Saída ocorre após divulgação de dados recordes de desmatamento na Amazônia em junho. Coalizão de ONGs aponta que caso demonstra que governo ainda está tentando intervir no instituto.
Anúncio
O governo Bolsonaro exonerou nesta segunda-feira (13/07) a coordenadora-geral de Observação da Terra do Instituto Nacional de Pesquisas Espaciais (Inpe). Esse departamento é responsável pelos sistemas Deter e Prodes, que monitoram o avanço do desmatamento da Amazônia.
A retirada de Lubia Vinhas do cargo foi publicada no Diário Oficial em portaria assinada pelo ministro Marcos Pontes (Ciência e Tecnologia).
A exoneração pouco menos de uma semana depois que o Inpe divulgou mais um número negativo sobre a devastação da Amazônia, apontando que em junho o bioma registrou o maior número de alertas de desmatamento desde 2015. Os dados ainda apontaram que o desmatamento na Amazônia brasileira aumentou pelo 14º mês consecutivo.
Quando considerados os seis primeiros meses de 2020, o desmatamento aumentou 25% em relação ao mesmo período do ano passado, para 3.069 km².
A alta do desmatamento ocorreu apesar da Operação Verde Brasil 2, lançada pelo governo federal em maio e que enviou militares para o combate ao desmatamento e focos de incêndio na Amazônia. Inicialmente programada para durar um mês, a operação foi prorrogada até 6 de novembro.
No início de julho, o Inpe já havia apontando que a região teve o mês de junho com maior número de queimadas em 13 anos.
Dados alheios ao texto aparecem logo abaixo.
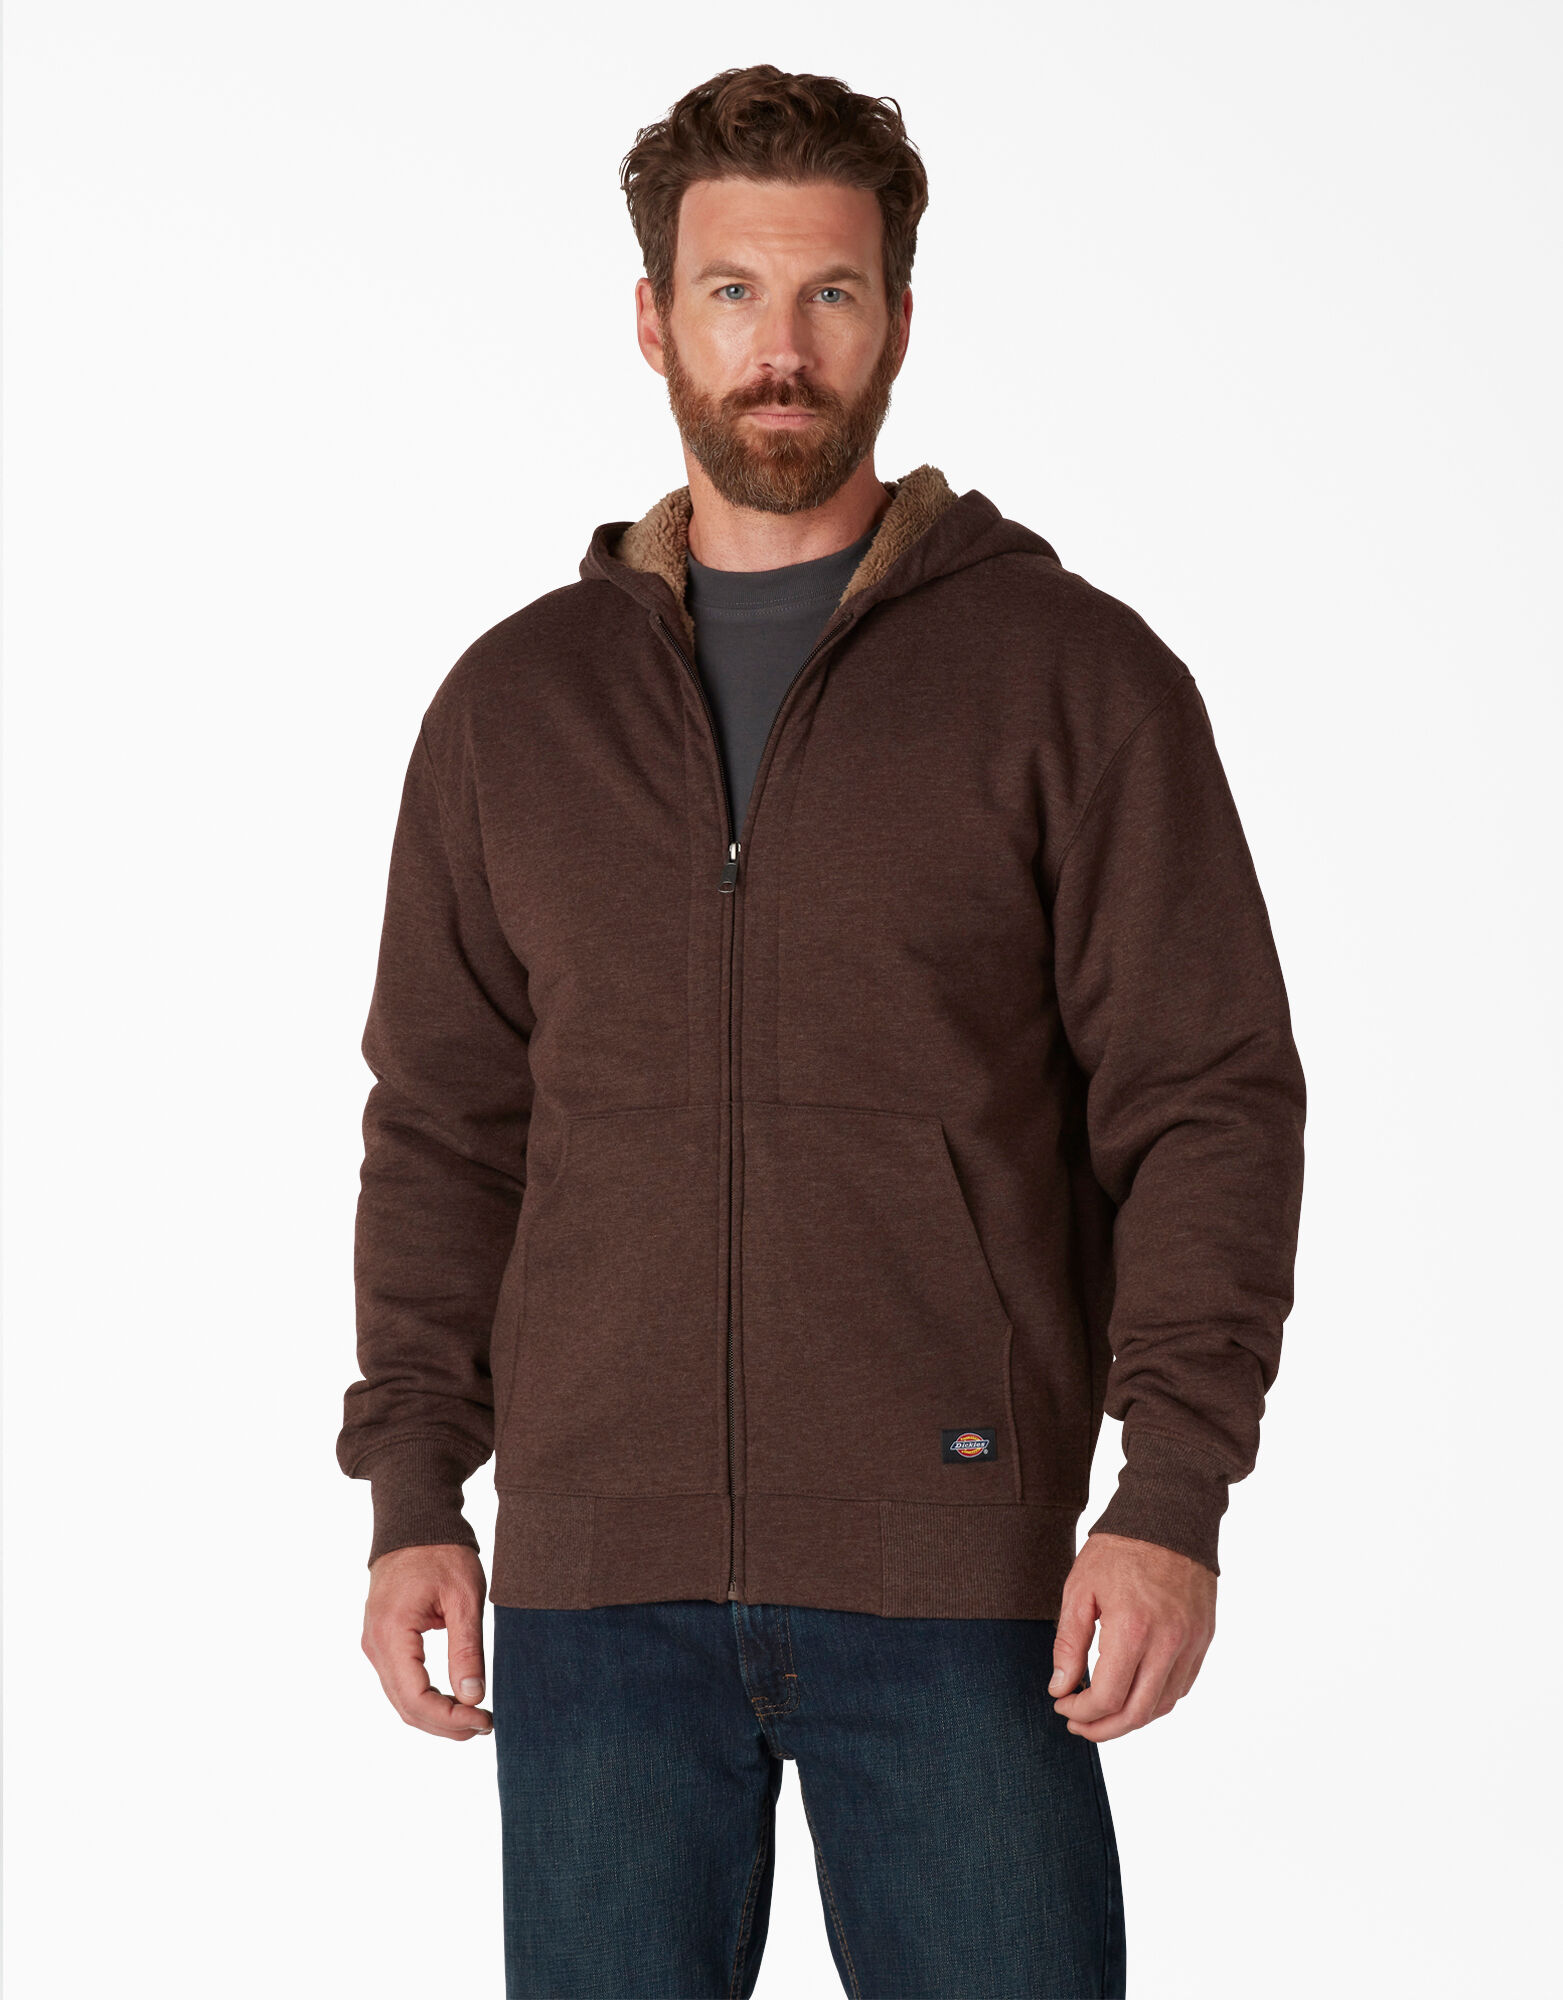 Men Full Zip Fleece Hoodie Sweatshirt Splicing Tie Dyeing Long Sleeve Soft Sherpa Lined Winter Jacket

Foram registrados 2.248 focos de incêndio, o que representou um aumento de 19,6% em relação a junho de 2019.
Ainda nesta segunda-feira, após questionamento por parte de veículos de imprensa, o Inpe publicou em seu site uma longa nota em que afirma que a ex-coordenadora Vinhas foi remanejada para outro cargo. De acordo com a nota, ela passará a ser "chefe da Divisão de Projeto Estratégico". Segundo o Inpe, essa área "tratará da implementação da nova Base de Informações Georreferenciadas ("BIG") do INPE, uma demanda do Ministro Pontes".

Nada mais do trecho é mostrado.